The growing digital maturity of the Indian shoppers and fluid digital payment experiences are also a reason for the fast-growing e-Commerce market in India. With the increasing smartphone adoption, the digital payments market growing in India. Credit Suisse estimates that digital payments will touch $ 1 trillion by 2026.
As the world of brick & mortar stores and eCommerce seem to reach a convergence point, retailers have to now look at providing an omnichannel experience to their customers. With expectations from the retail segment for elevated shopping experiences, hyper-personalization etc. rising, the management of brick & mortar stores cannot be in isolation from their online counterparts.

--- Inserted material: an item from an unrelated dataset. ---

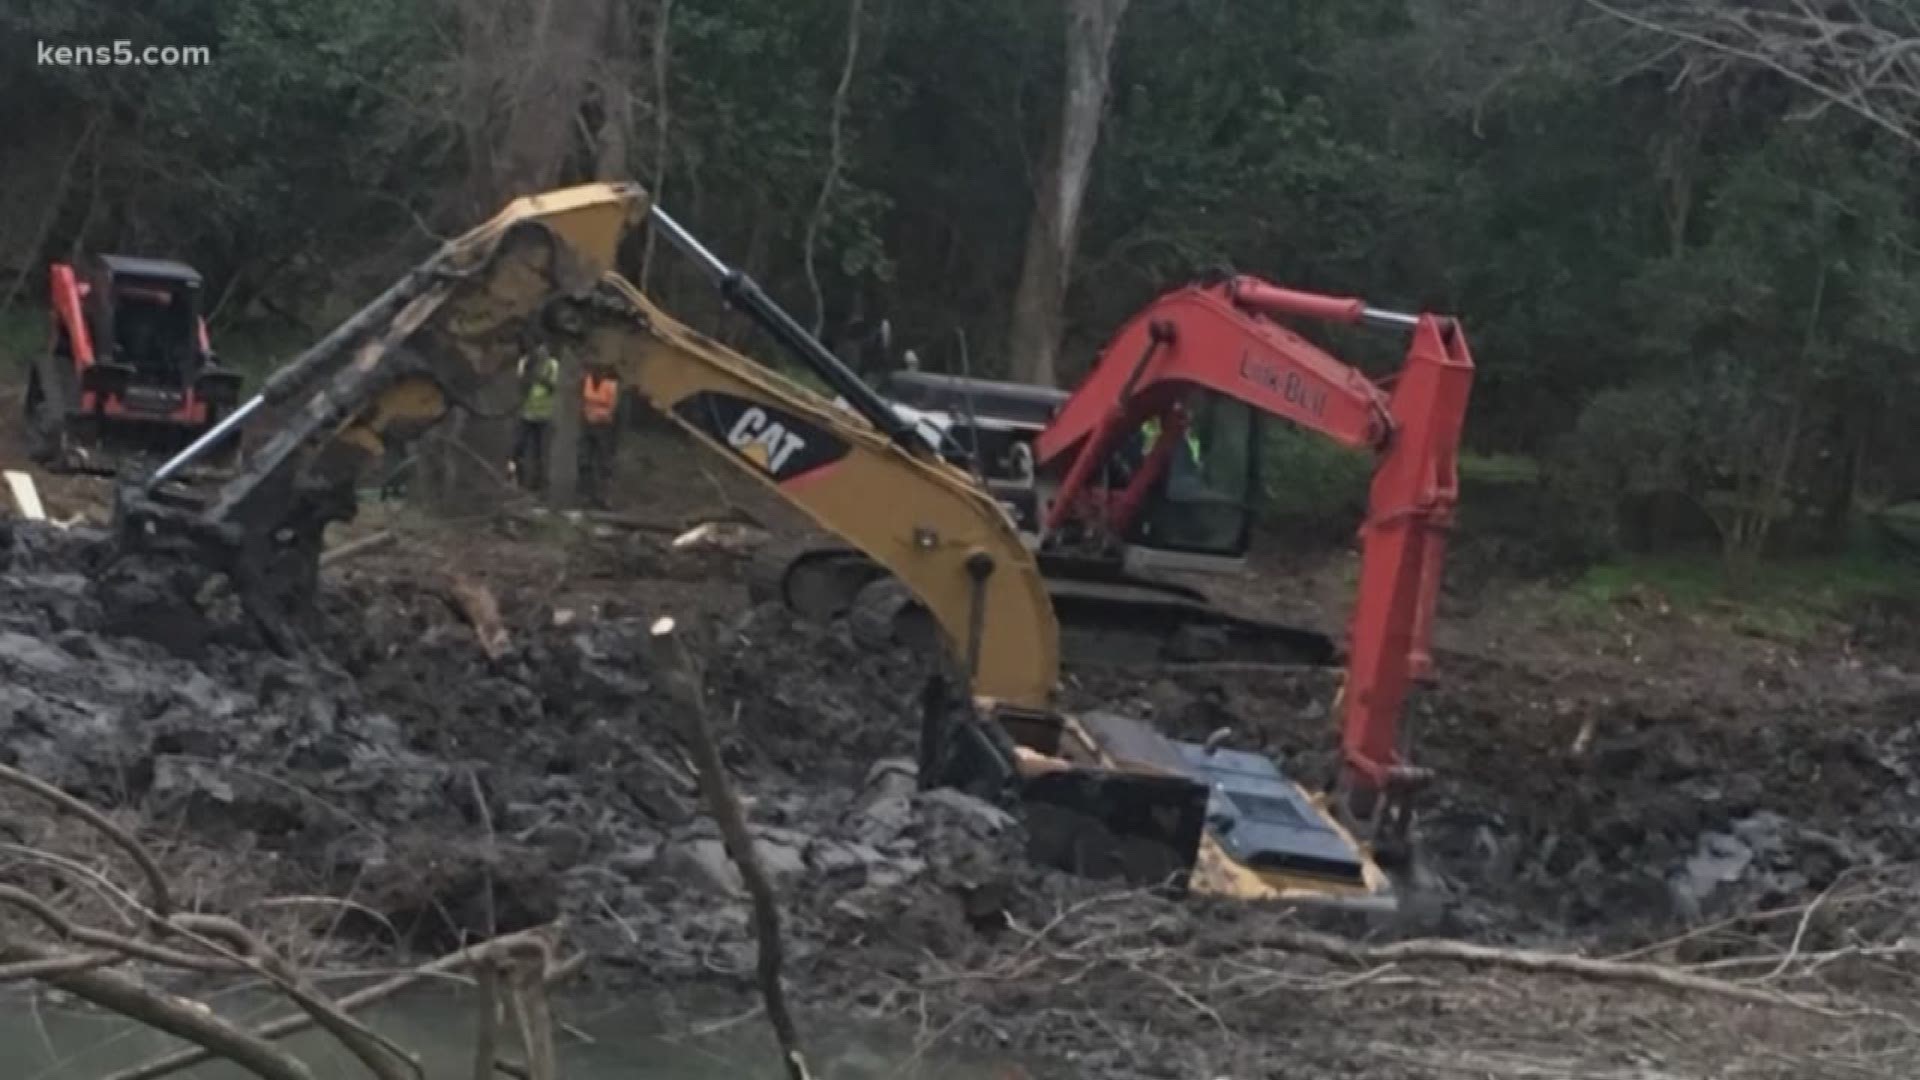 A flood control project gone horribly wrong has caused devastating environmental damage, according to neighbors of Salado Creek.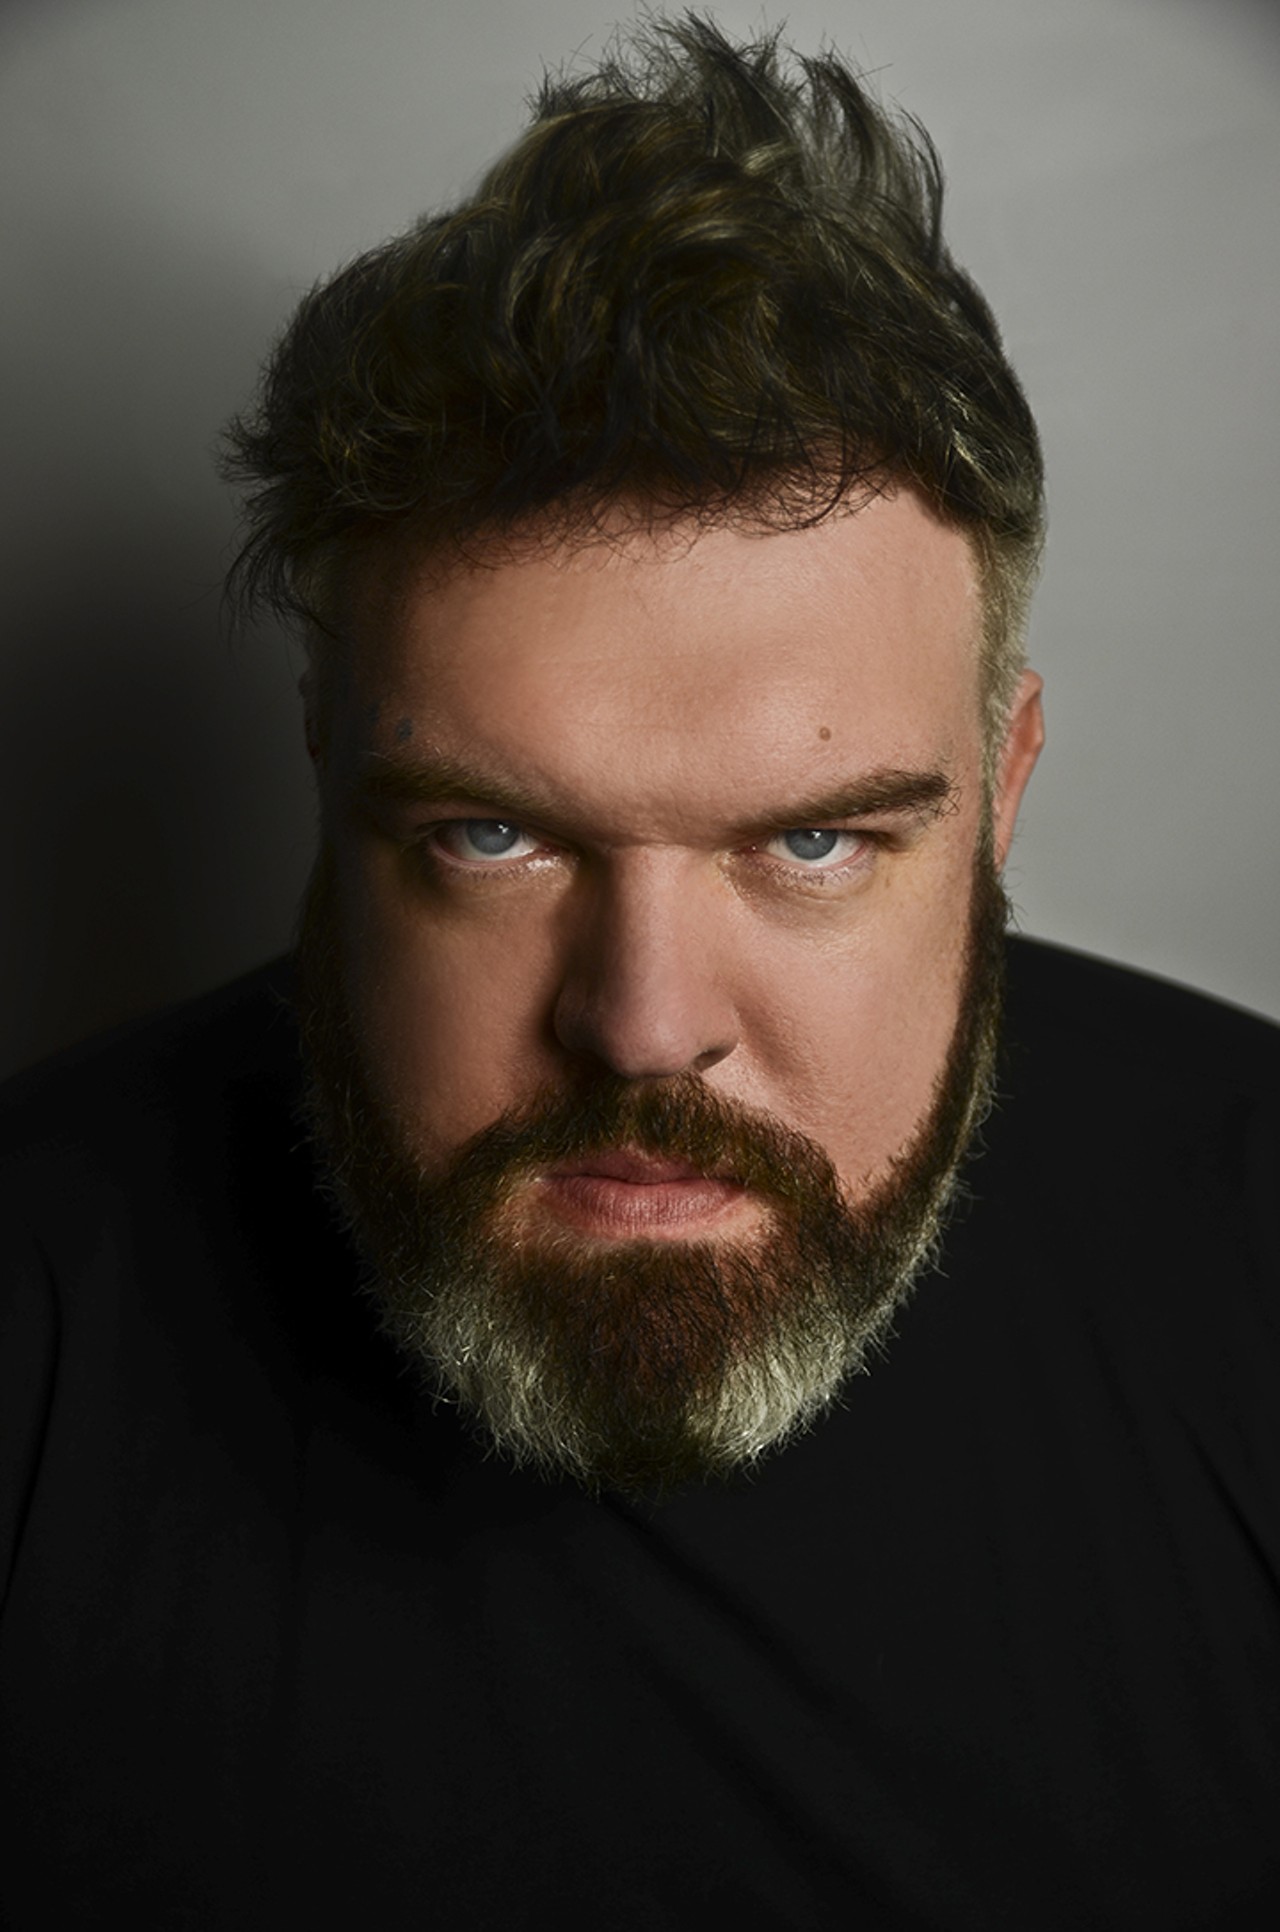 Thursday, Nov. 10Rave of Thrones with Kristian Nairn at Venue 578

As consumers begin to view brick & mortar stores and their online stores as a single entity, they expect the brand to provide the same experience across all the channels. They want, no, rather they demand, that they should have the flexibility to start a transaction on one channel and end it on the other. The silos separating brick-and-mortar stores from online stores thus have to be removed and retailers have to look at enabling omnichannel payment processing to make it possible to switch between payment methods seamlessly – sometimes even within the same transaction.
To enable this, and to create seamless customer experiences across channels, data integration is imperative to make payment processing integrated. Irrespective of how the payment is made, all the data at hand must go into the same processes. Retailers have to have flexible payment engines to support all types of transactions – whether it is an in-store order or processing a cross-channel return.
It is abundantly clear today that omnichannel is the way ahead for retail – whether it is for marketing or for payments. As the consumer of today continues to mature owing to economic growth, global exposure and the rise in disposable incomes it becomes clearer that having a 360-degree view of the customer is crucial to provide personalized shopping experiences, generate avenues to increase in-store shopping, assess and understand the customers’ needs better to make targeted and contextual offers and keep the customers moving through the sales funnel.